▶ DATA
+++++

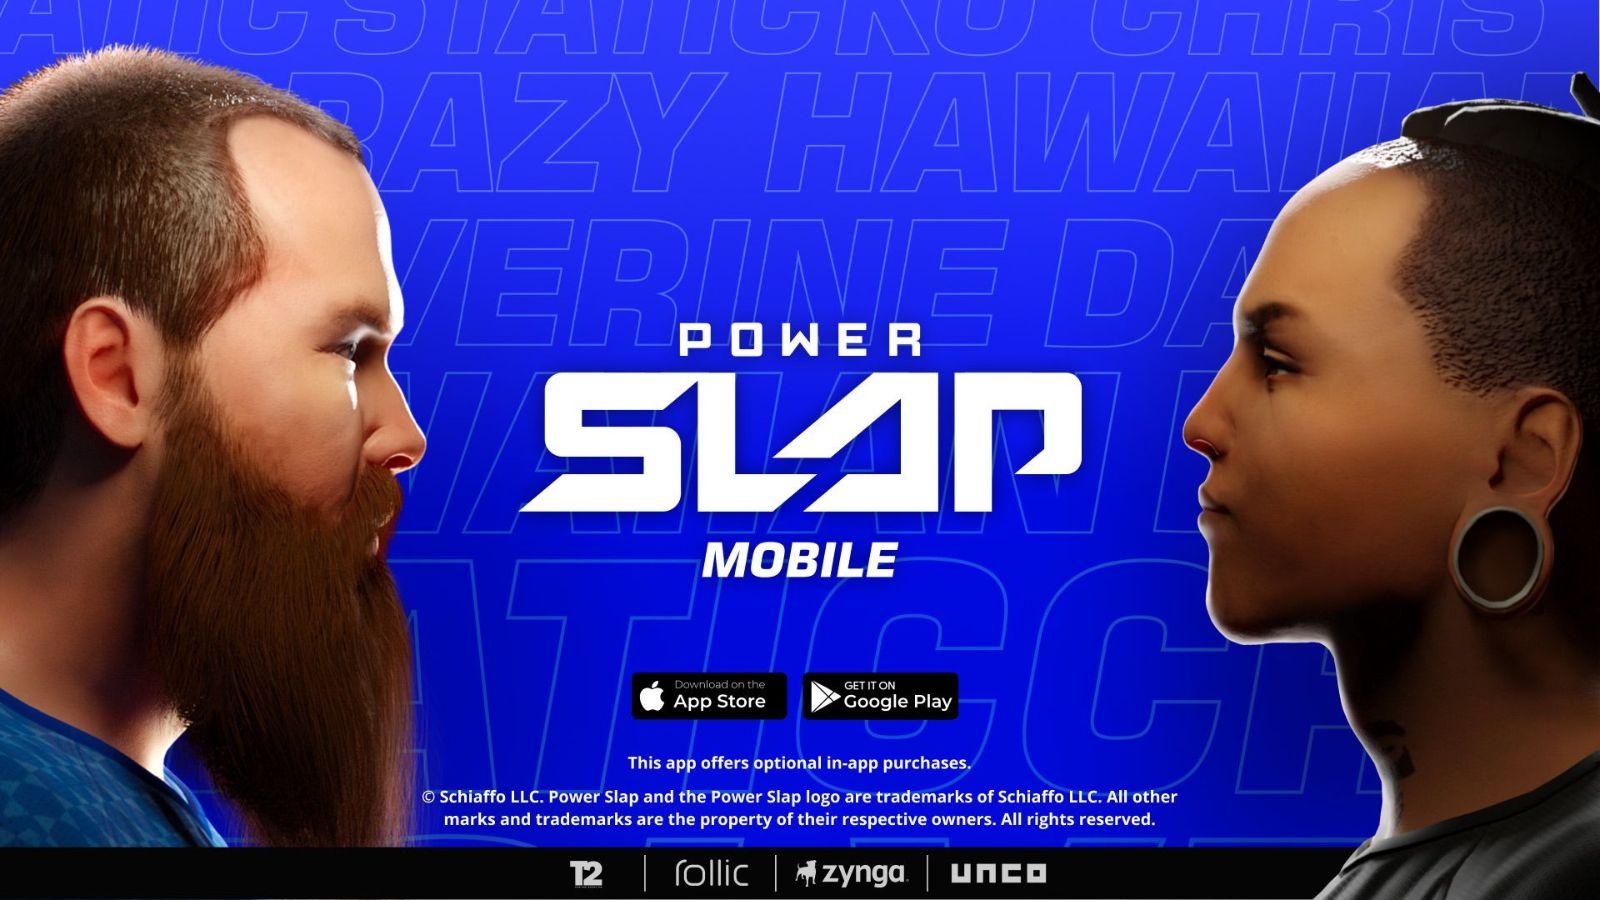 Power Slap Mobile
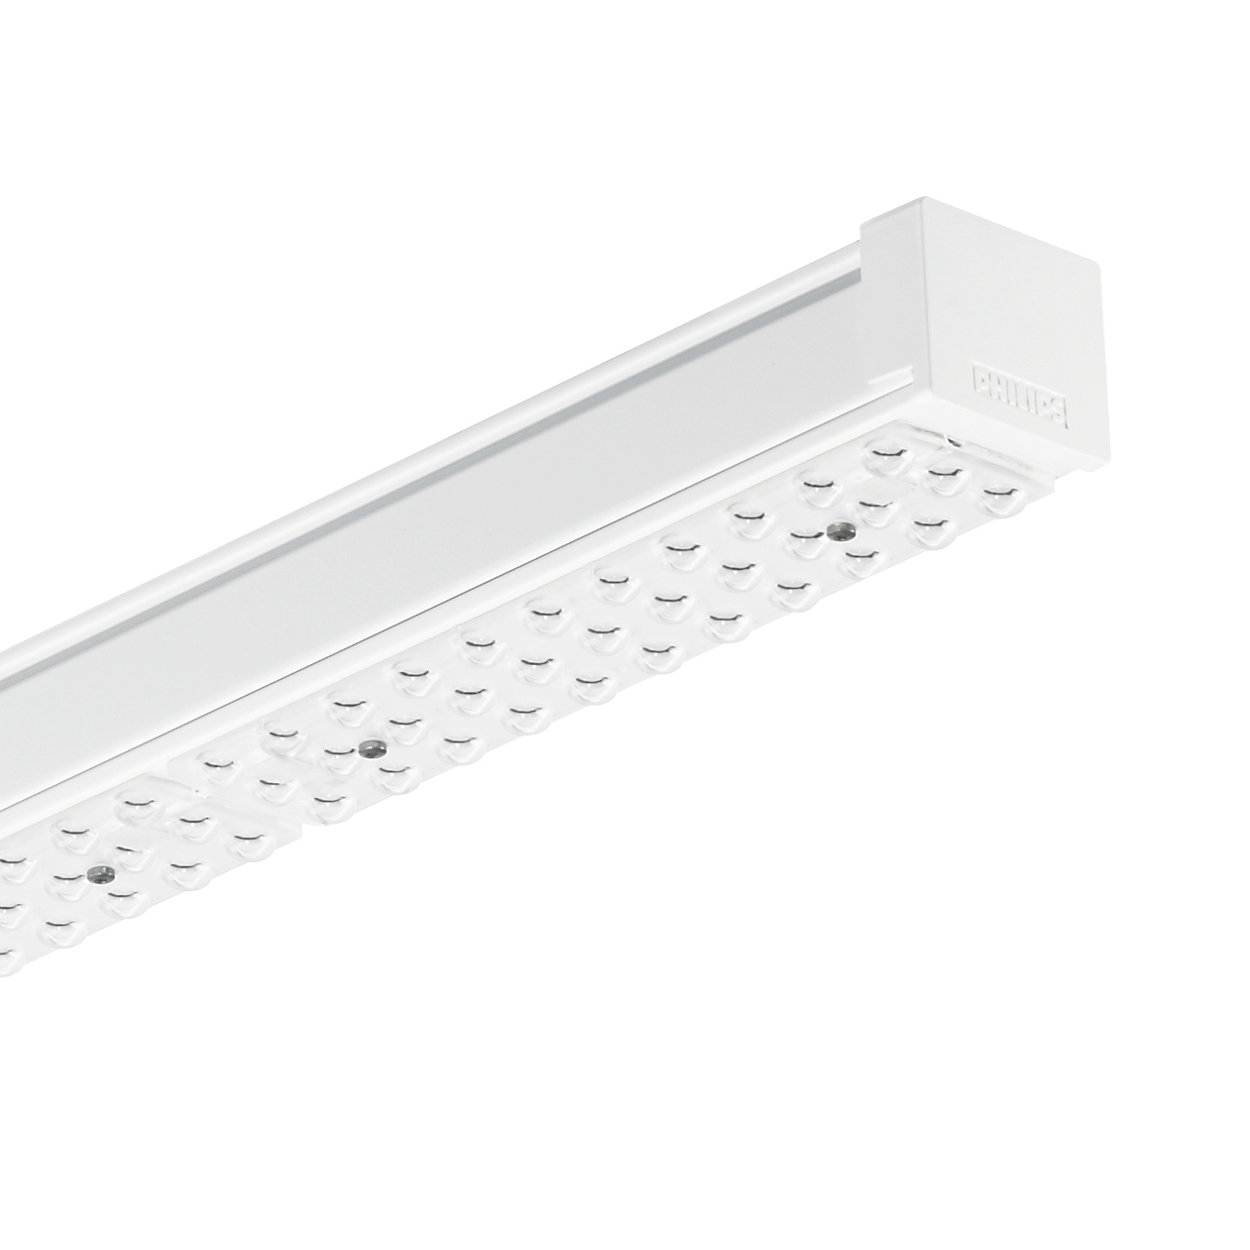 Wkładki Maxos LED dla linii świetlnych TTX400 — najwyższa sprawność i szybki zwrot z inwestycji
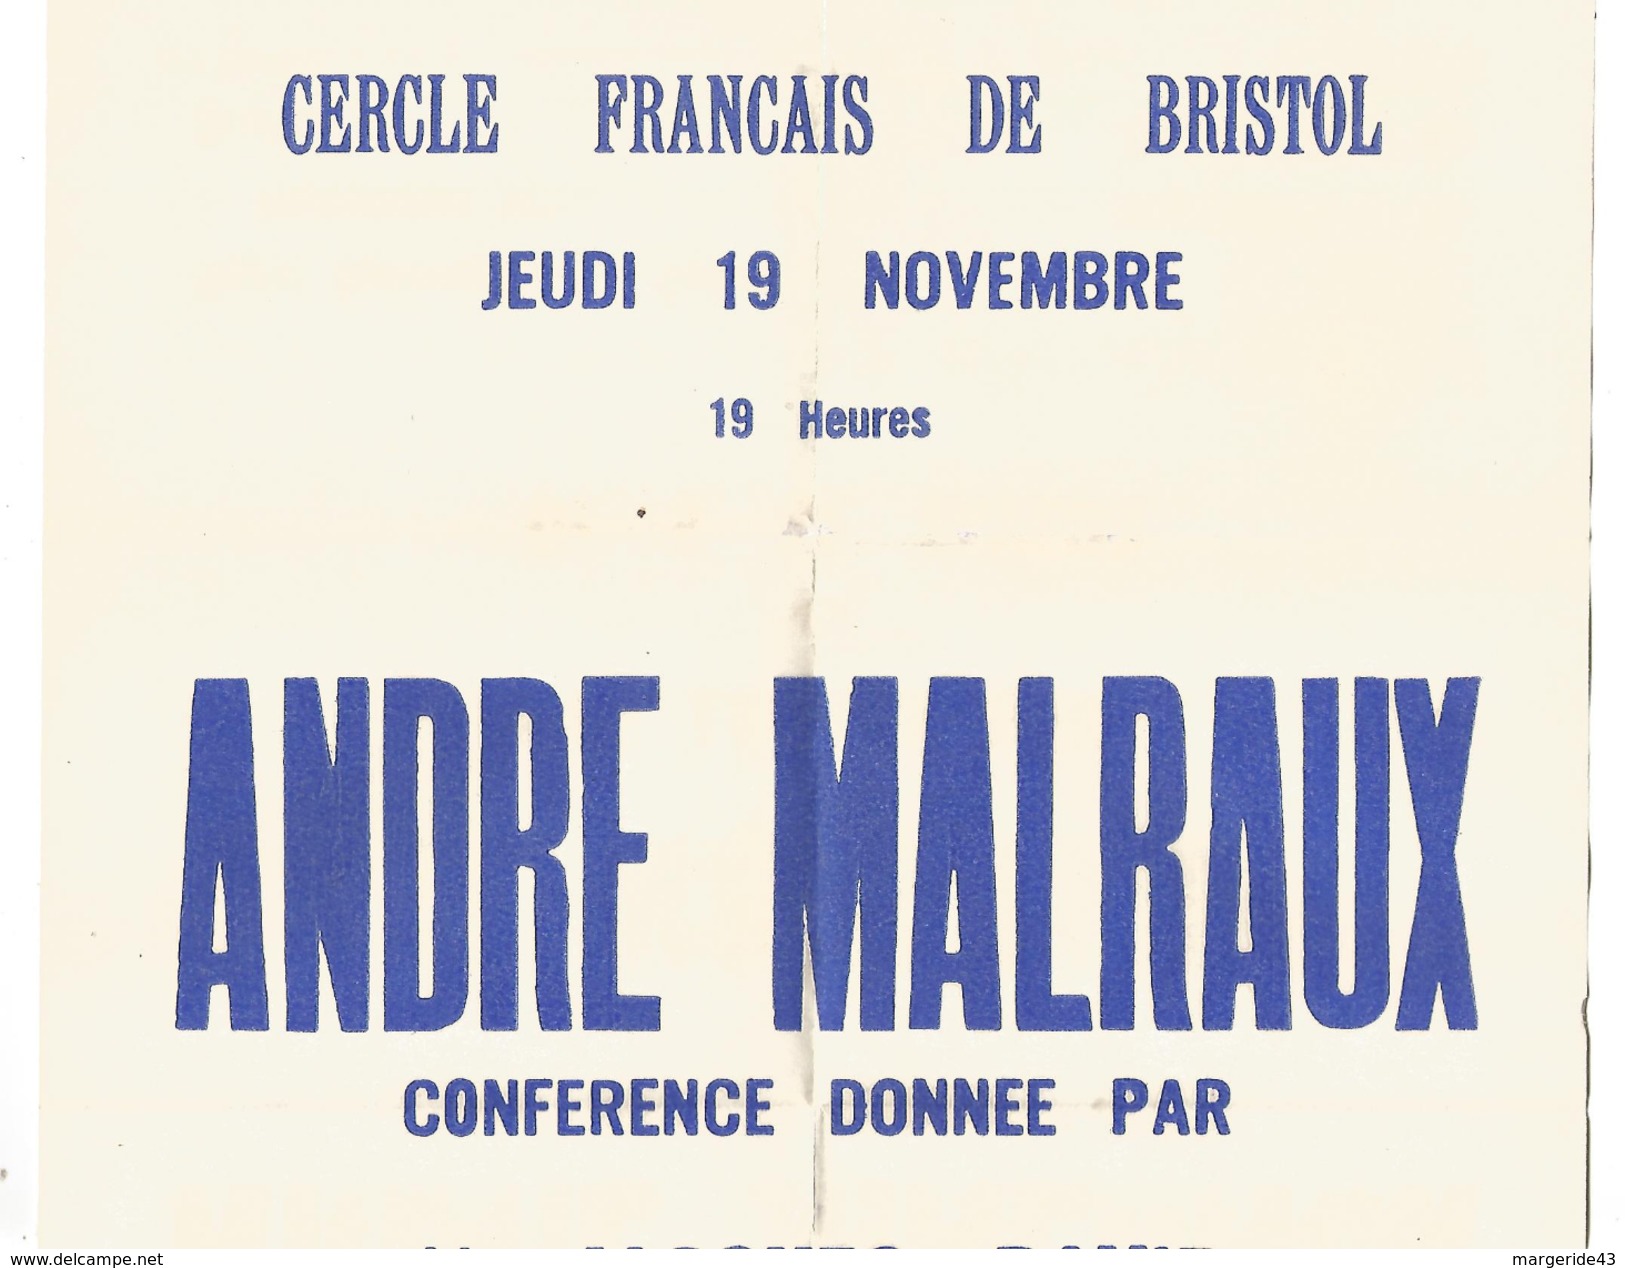 AFFICHE CONFERENCE SUR ANDRE MALRAUX A...BRISTOL ROYAUME UNI 1962 - Afiches
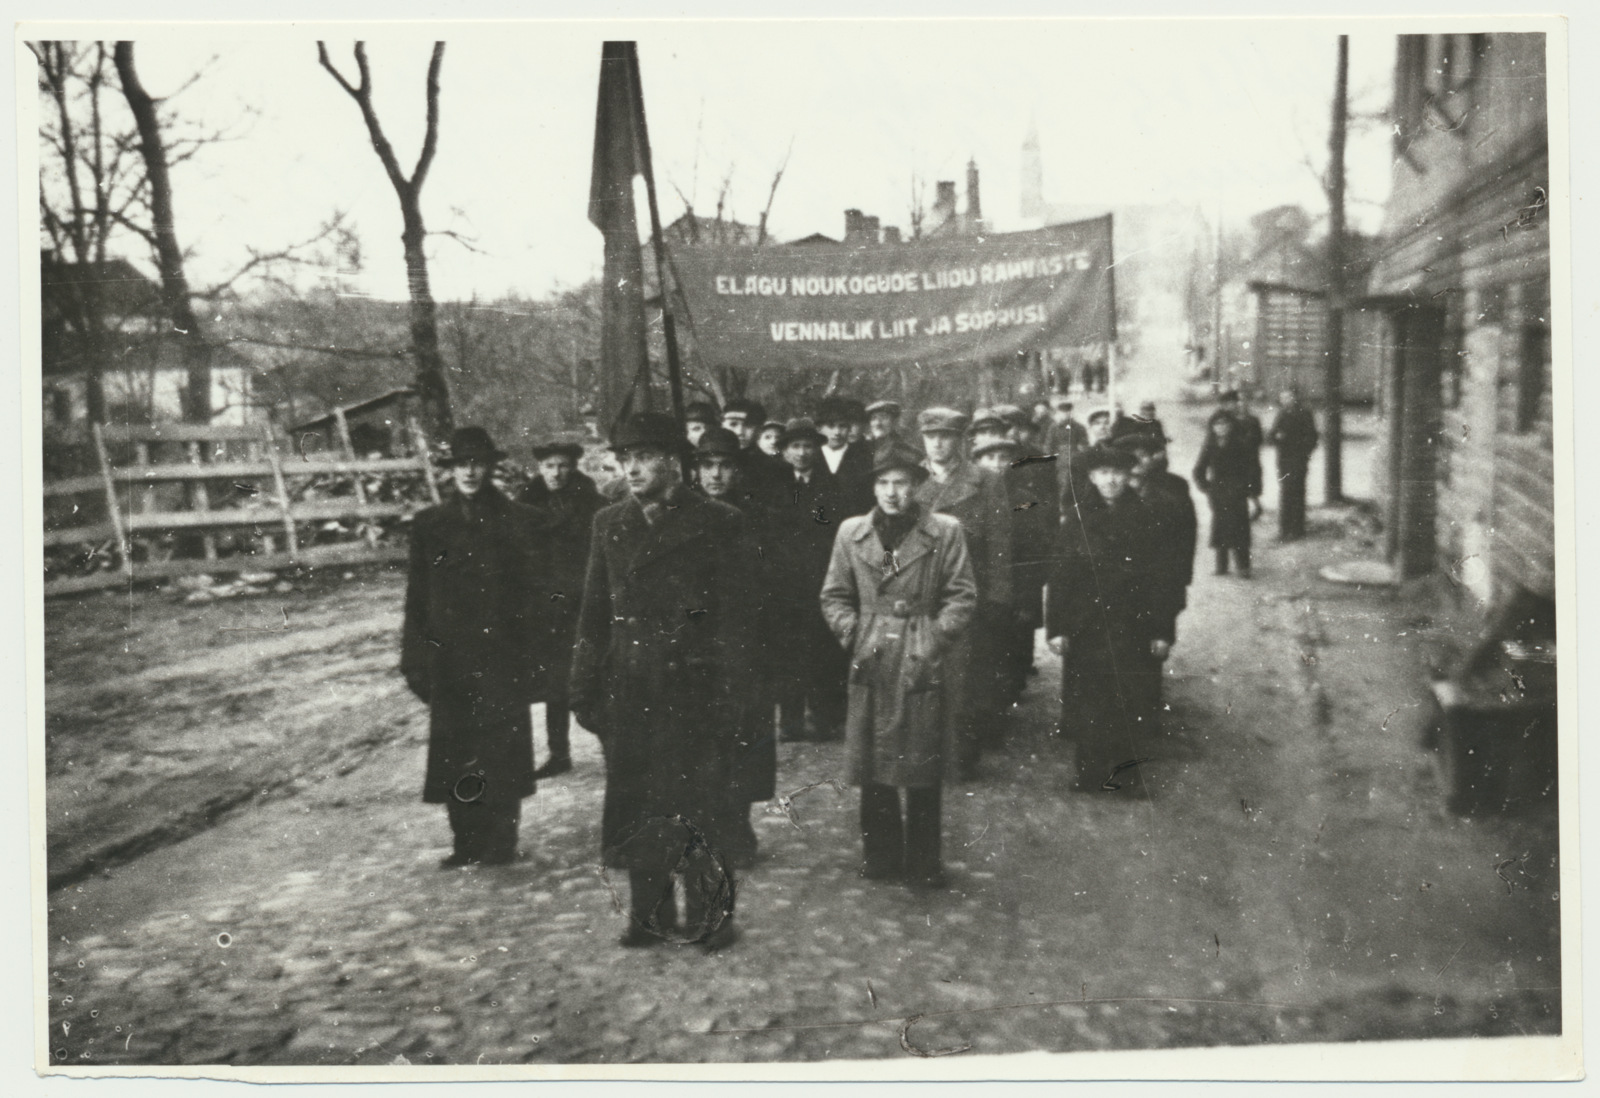 foto Viljandi, Oktoobrirevolutsiooni demonstratsioon, Ungern-Sternberg'i töökodade töötajad, 1940

+++++

Copy the lines above exactly. Do not include pictures.

▶ THE ANSWER
 Power Slap Mobile
 Wkładki Maxos LED dla linii świetlnych TTX400 — najwyższa sprawność i szybki zwrot z inwestycji
 AFFICHE CONFERENCE SUR ANDRE MALRAUX A...BRISTOL ROYAUME UNI 1962 - Afiches
 foto Viljandi, Oktoobrirevolutsiooni demonstratsioon, Ungern-Sternberg'i töökodade töötajad, 1940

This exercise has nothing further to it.